In the five years since the AML was introduced, China’s Ministry of Commerce has issued a number of decisions that appear to depart from international norms by imposing behavioral remedies that reflect a view about antitrust law directly counter to other major jurisdictions and the fundamental principles of competitive markets. In some cases, such as MOFCOM-required supply guarantees, these decisions also appear to reflect a desire to benefit Chinese customers and consumers at the expense of foreign consumers and competitors. Worryingly, all signs are that this trend may continue, further distorting competitive markets and discouraging companies from pursuing procompetitive deals.

Avoiding this outcome requires international convergence about the purpose of the antitrust laws.
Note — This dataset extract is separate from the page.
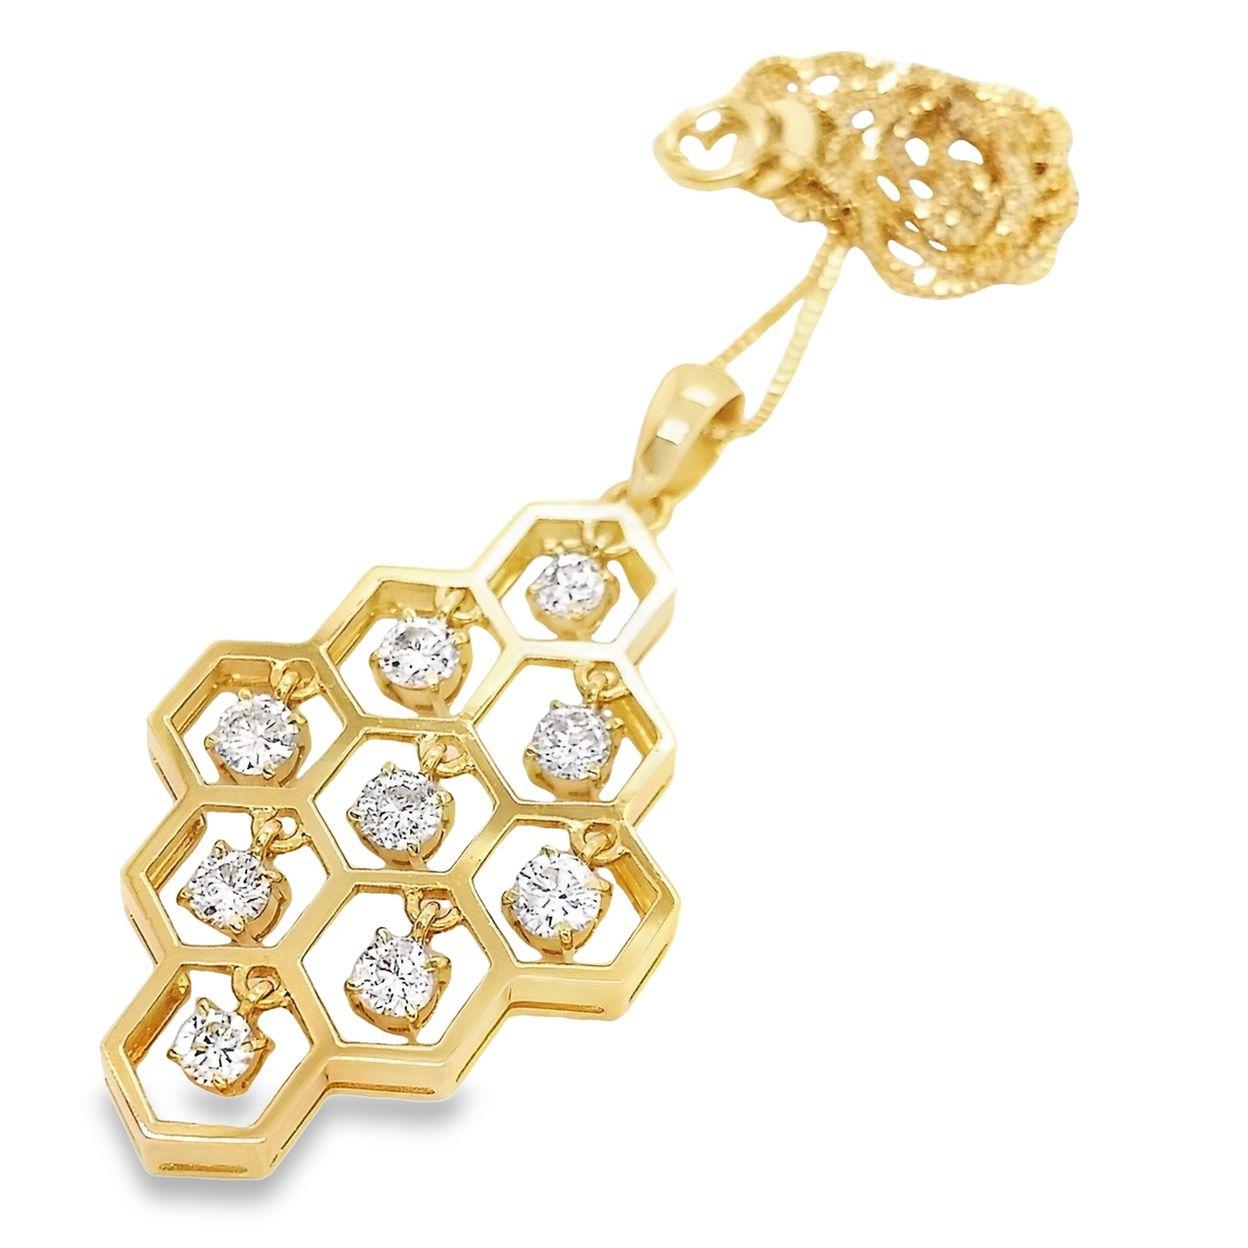 This chic 18KT yellow gold necklace, from the house of Top Crown Jewelry collection, is a unique piece of jewelry inspired by the delicate intricacy of a traditional and features 9 round brilliant natural sparkling diamonds totaling of 1.02
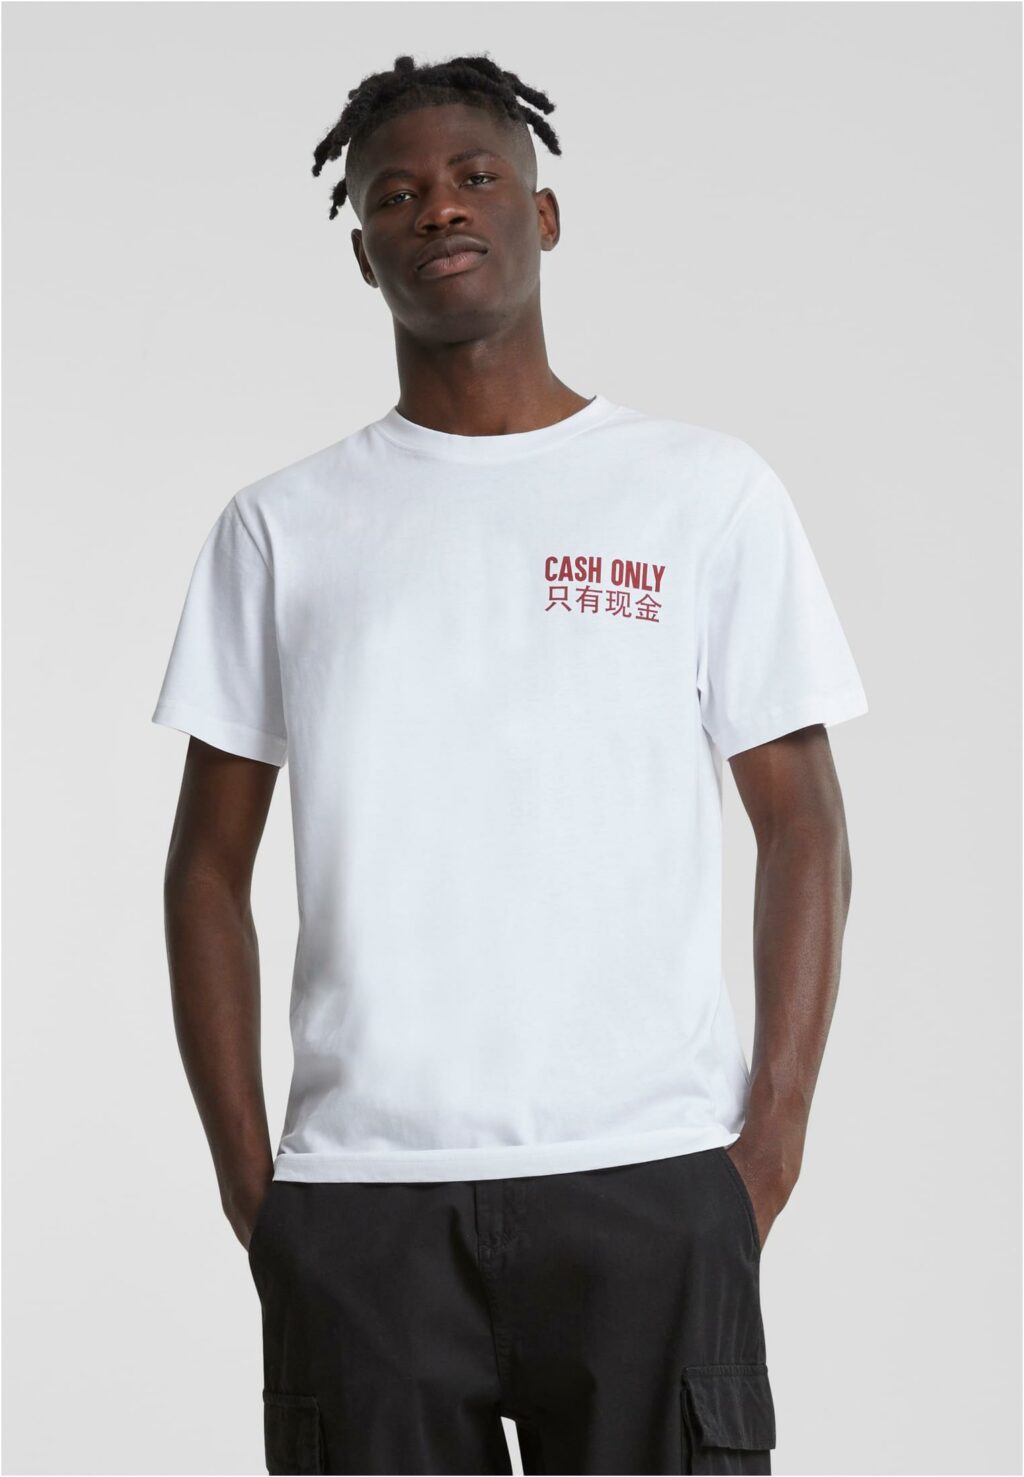 Cash Only Tee white MT816

Convergence does not necessarily mean converging around the standards of the U.S. or the EU or even having uniform rules around the world: we are not advocating for antitrust imperialism. Instead, this article is advocating for consensus about the core principles that should govern antitrust enforcement: antitrust laws are about competition, not industrial policy, should promote competitive markets, and must be grounded in sound economic analysis.

How can this convergence be achieveed? To answer that question, this article looks to the successful convergence between the U.S. agencies and the European Commission at the start of the century, in the wake of substantive divergence and allegations of protectionism in Boeing/McDonnell Douglas and GE/Honeywell. Part I of this article summarizes those decisions and the subsequent U.S./EU convergence. Part II discusses several recent MOFCOM decisions that have departed from international norms. Finally, Part III considers how the U.S./EU experience could aid convergence with MOFCOM.